時代の事、女性が働く事、元の木阿弥、豪傑などわざと平仮名表記で点付きの言葉の数々…素晴らしい一冊!
小林聡美さんが映画化しているとか。そちらもみてみたい。
パチンコ玉のテボちゃん こちらもクスッと笑える心温まる話。現代ではあり得ない、当時では当たり前の環境。そんな違いも子ども達の柔軟な頭の時にぜひ一読される事を願う。 -
北国の山の中で開墾生活をするお母さんとトシちゃん。一緒に住むのはお母さんの友達のハナおばさんとその甥のアキラさん。
そして、ネズミ退治にと飼い始めた雄猫のトム。
4人と1匹がみな対等に暮らしている気持ち良さ。厳しい暮らしのなかにも工夫と笑いがたくさん織り込まれており、全体的におおらかさを感じ、優しい気持ちになった。
映画を観た後だったせいか、イメージしやすく、読み進められた。心が忙しすぎた時、一度断念していたので、読めて良かった。
石井桃子さんの自伝的作品と聞き、たくましい人だったのだなぁと感じ入る。そして、こんな日常のささいな、けれどとても素敵な出来事の数々を物語に昇華させていることに、あー、いいなぁ。私も毎日をこんな目でみて暮らしたいな、出来れば書き残したいなとつくづく思った。
石井桃子さんのことばが独特で素敵。時間の節約のことを時間の経済と言ったり。トムがネズミと戦うのをおどる、と言ったり。新鮮だった。
トムが狂ったようにネズミを捕る時期、友達をこっそり家に入れてお客の布団に忍び込ませていた話、病気になって牛のお産と一緒に診てもらった話…トムに振り回されながらも生活を楽しむお母さんたちの態度が素敵。
最後のクリスマスのお話はラストにふさわしく、心に残った。キジをとったアキラさんをみんなでワーワー出迎えるシーンは映画のように見えた。

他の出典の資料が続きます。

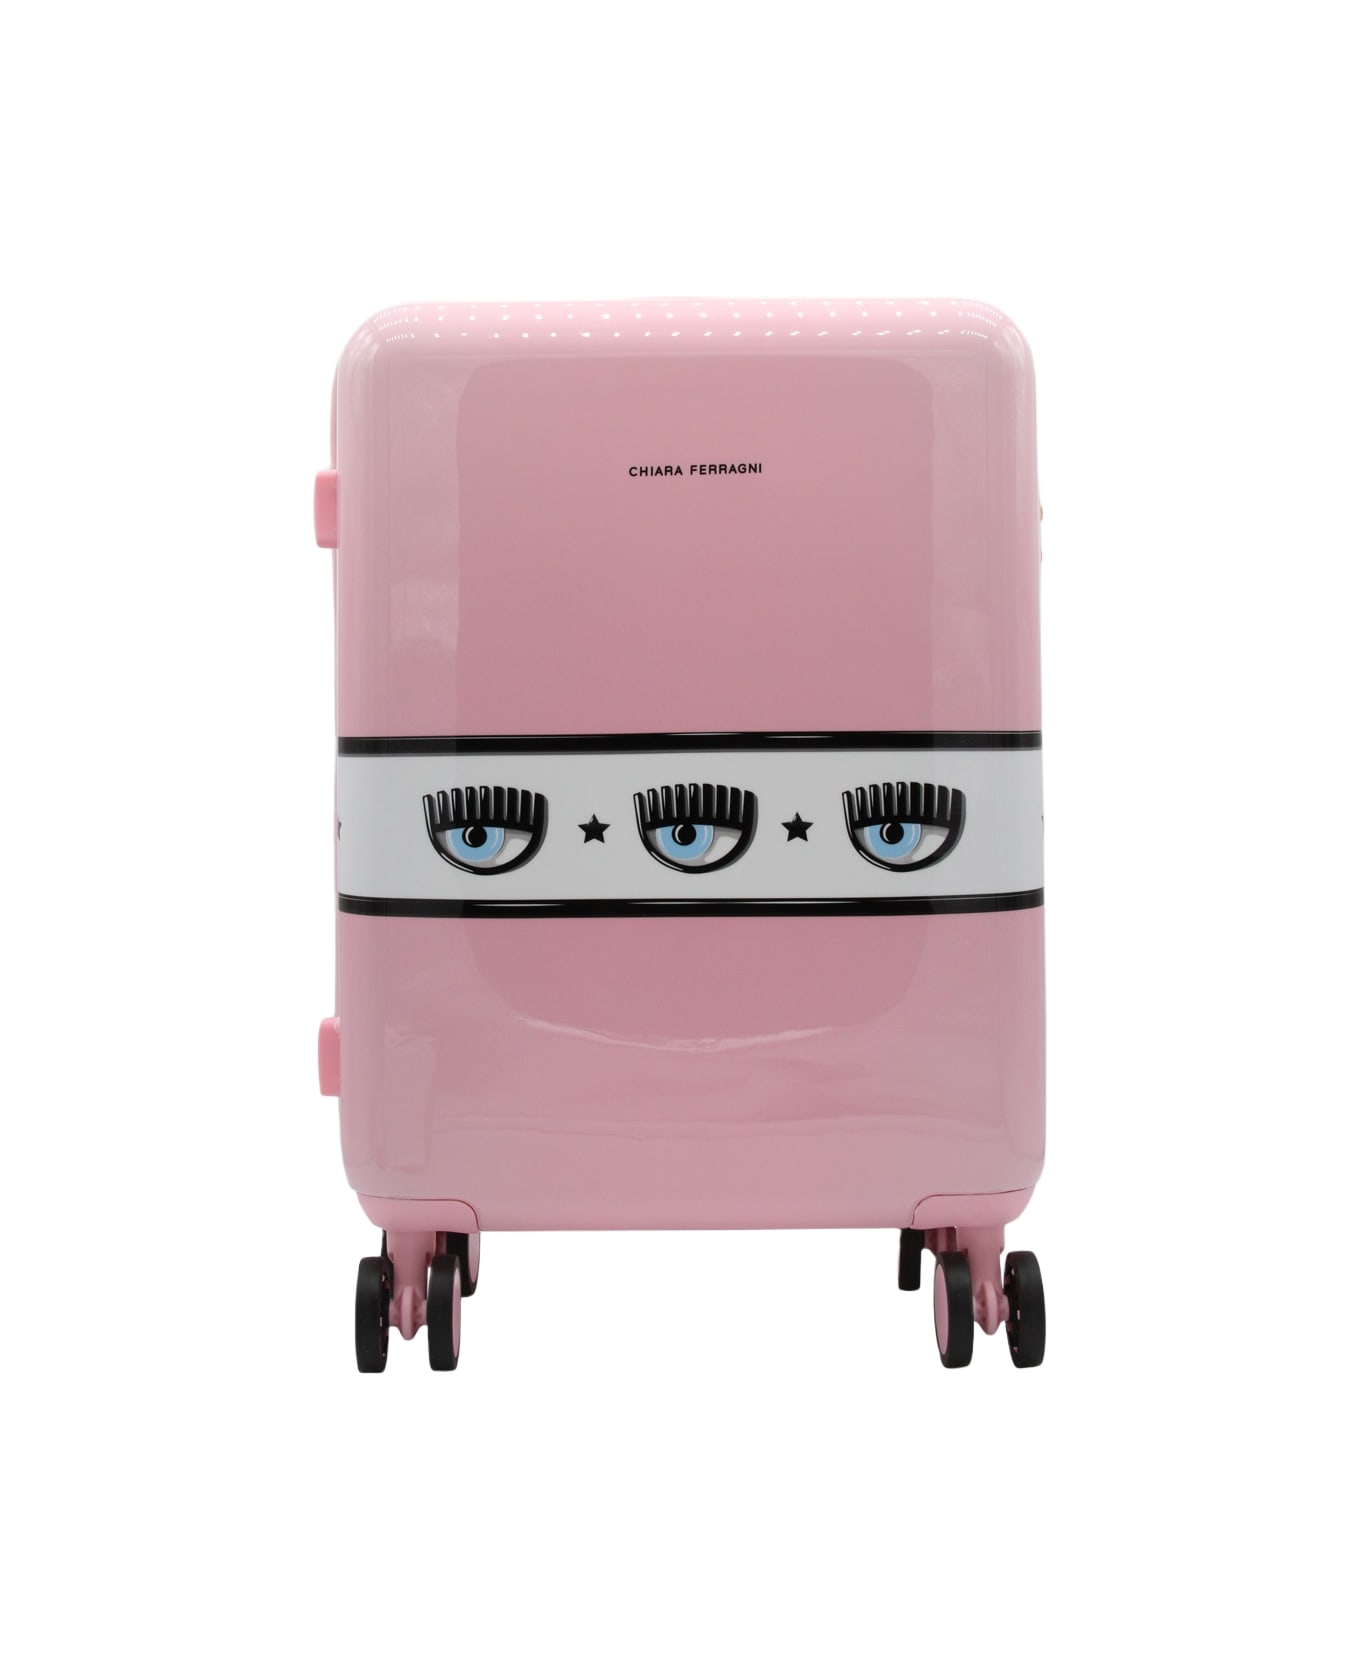 Chiara Ferragni Pink Cabin Suitcase - Pink

パチンコ玉のデボちゃんもいい話だった。こういう子どもは今もたくさんいて、周りの大人が何をしてあげられるかなのかな、と考えさせられた。
小学校中級以上とあるが、大人が読んでも十分楽しい。
子どもには生活が想像しづらいがもしれないが、1話1話読んであげたい。きっと猫が好きになるはず。
私もまた読みたい。 -
ずっと読みたかった本。期待通り。
ネズミ退治の為に家族になった猫のトムとの生活が生き生きと描かれていて、和む。 何回も読み返したくなるような素敵な一冊に出会えて嬉しい。